» Assignment:
Both ends included, restate word for word the lines from the first line of the listing through the line containing "Ulster Tower, Thiepval, Somme, France.". Leave the pictures out.

» Data below:
^^^^^^^^^^^^^^^^

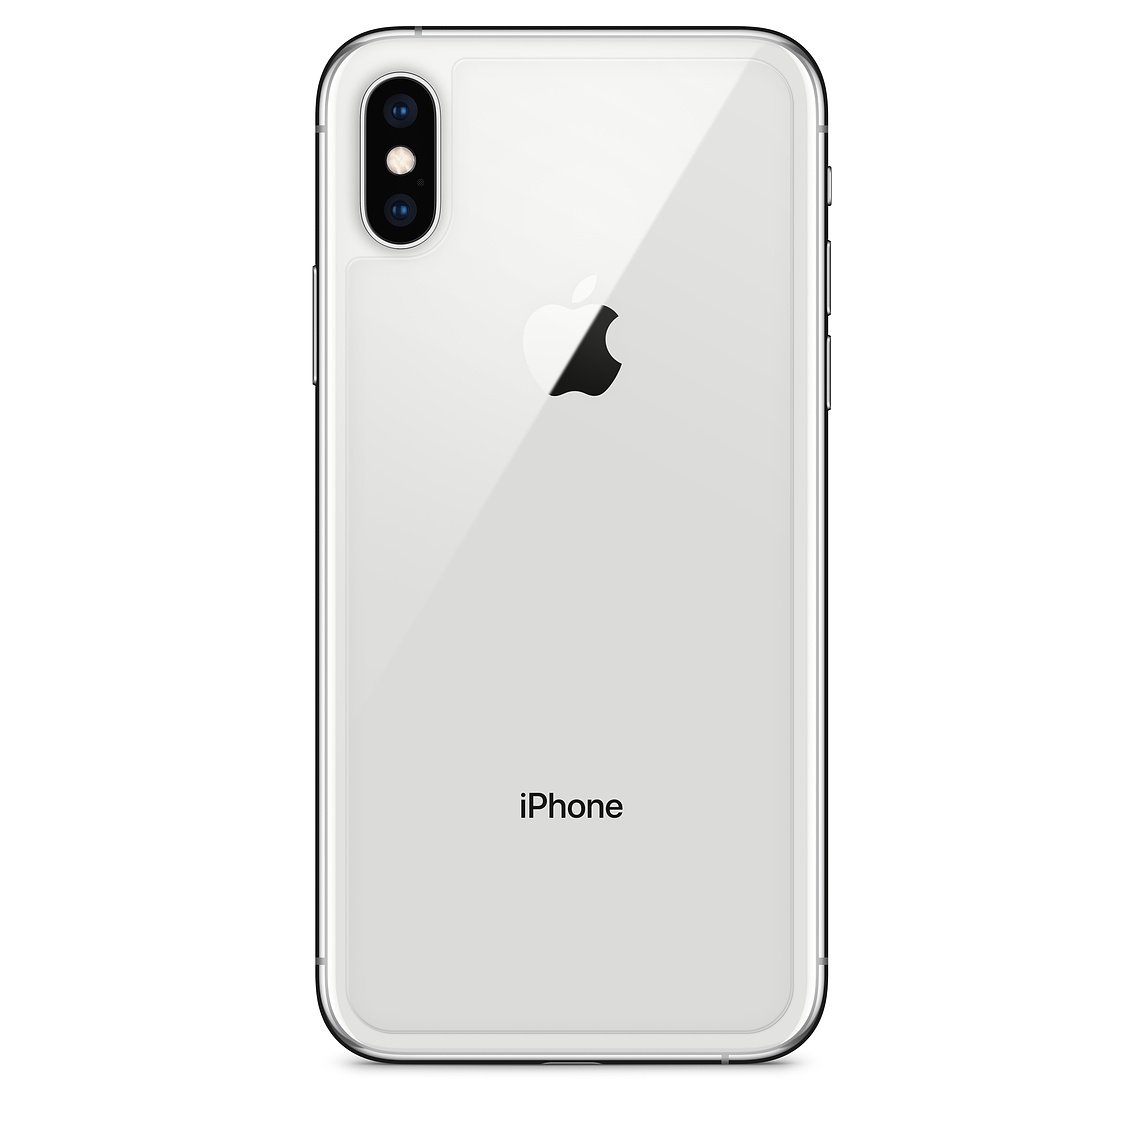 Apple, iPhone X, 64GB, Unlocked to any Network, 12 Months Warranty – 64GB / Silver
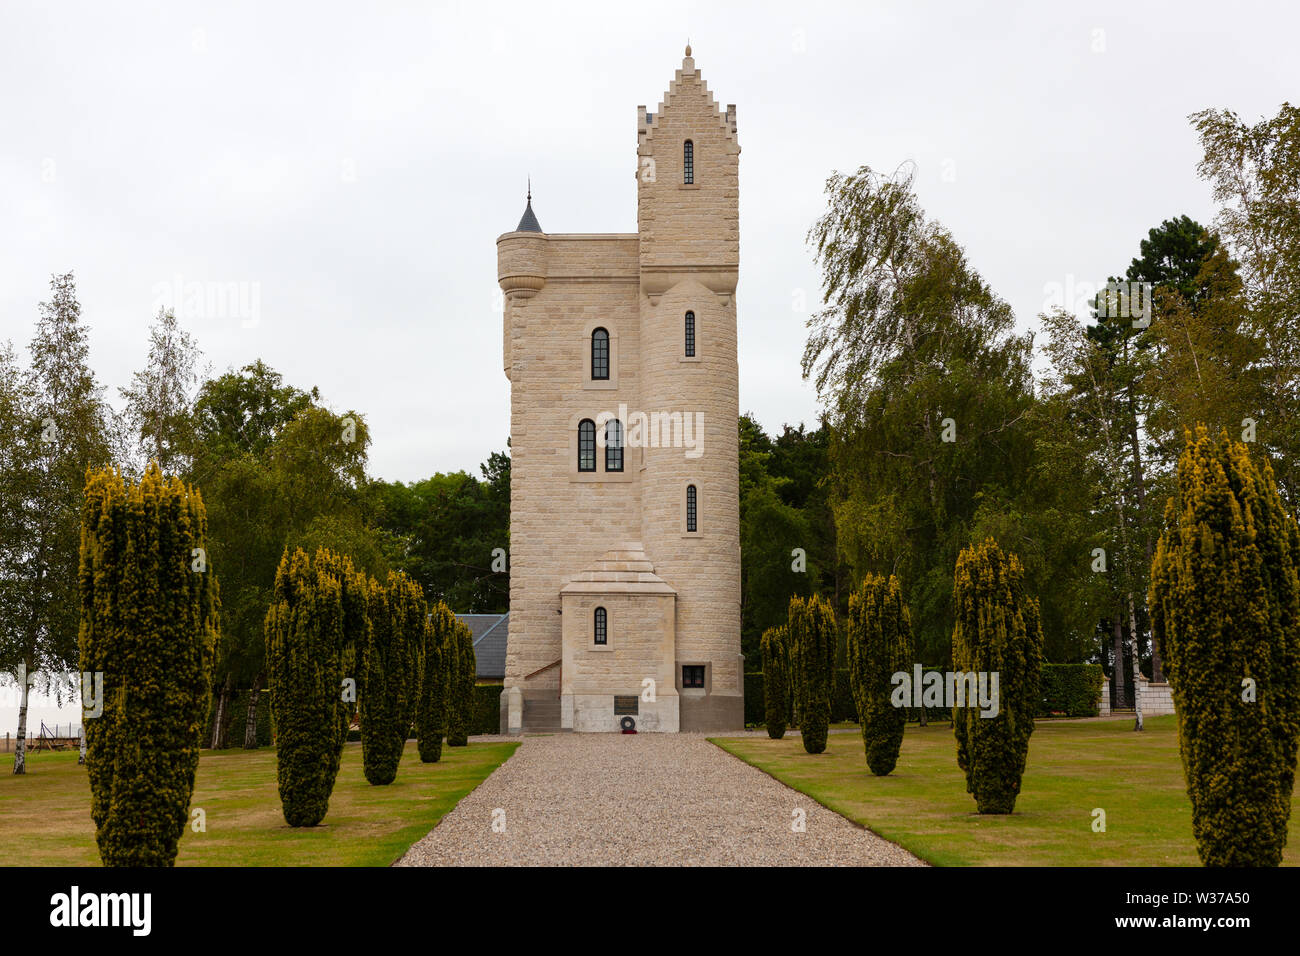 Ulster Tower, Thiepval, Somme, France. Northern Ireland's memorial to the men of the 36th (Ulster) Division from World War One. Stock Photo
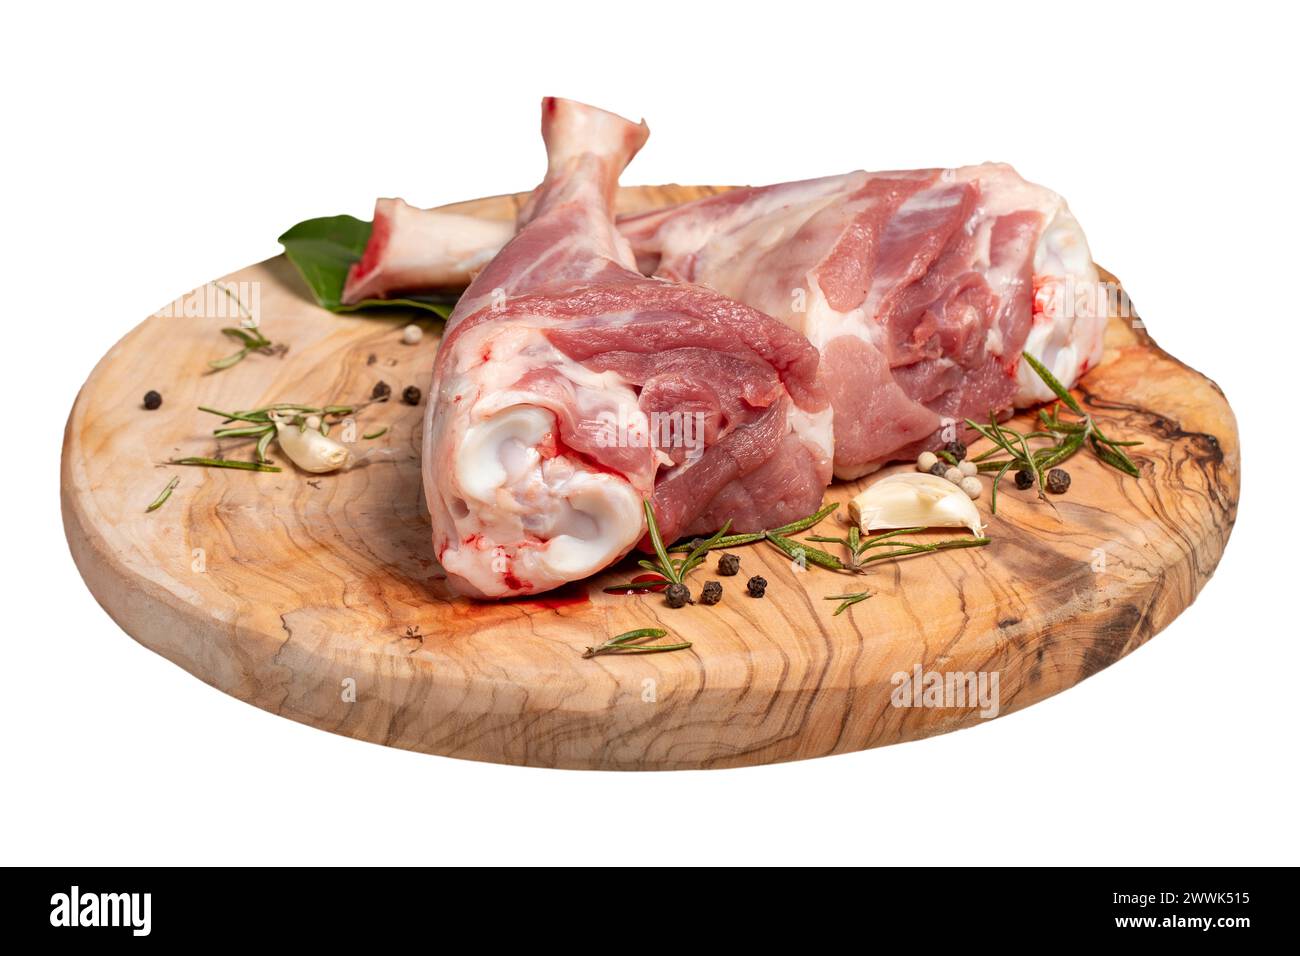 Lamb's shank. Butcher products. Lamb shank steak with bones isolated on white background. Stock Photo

^^^^^^^^^^^^^^^^

» Response area:
 Apple, iPhone X, 64GB, Unlocked to any Network, 12 Months Warranty – 64GB / Silver
 Ulster Tower, Thiepval, Somme, France. Northern Ireland's memorial to the men of the 36th (Ulster) Division from World War One. Stock Photo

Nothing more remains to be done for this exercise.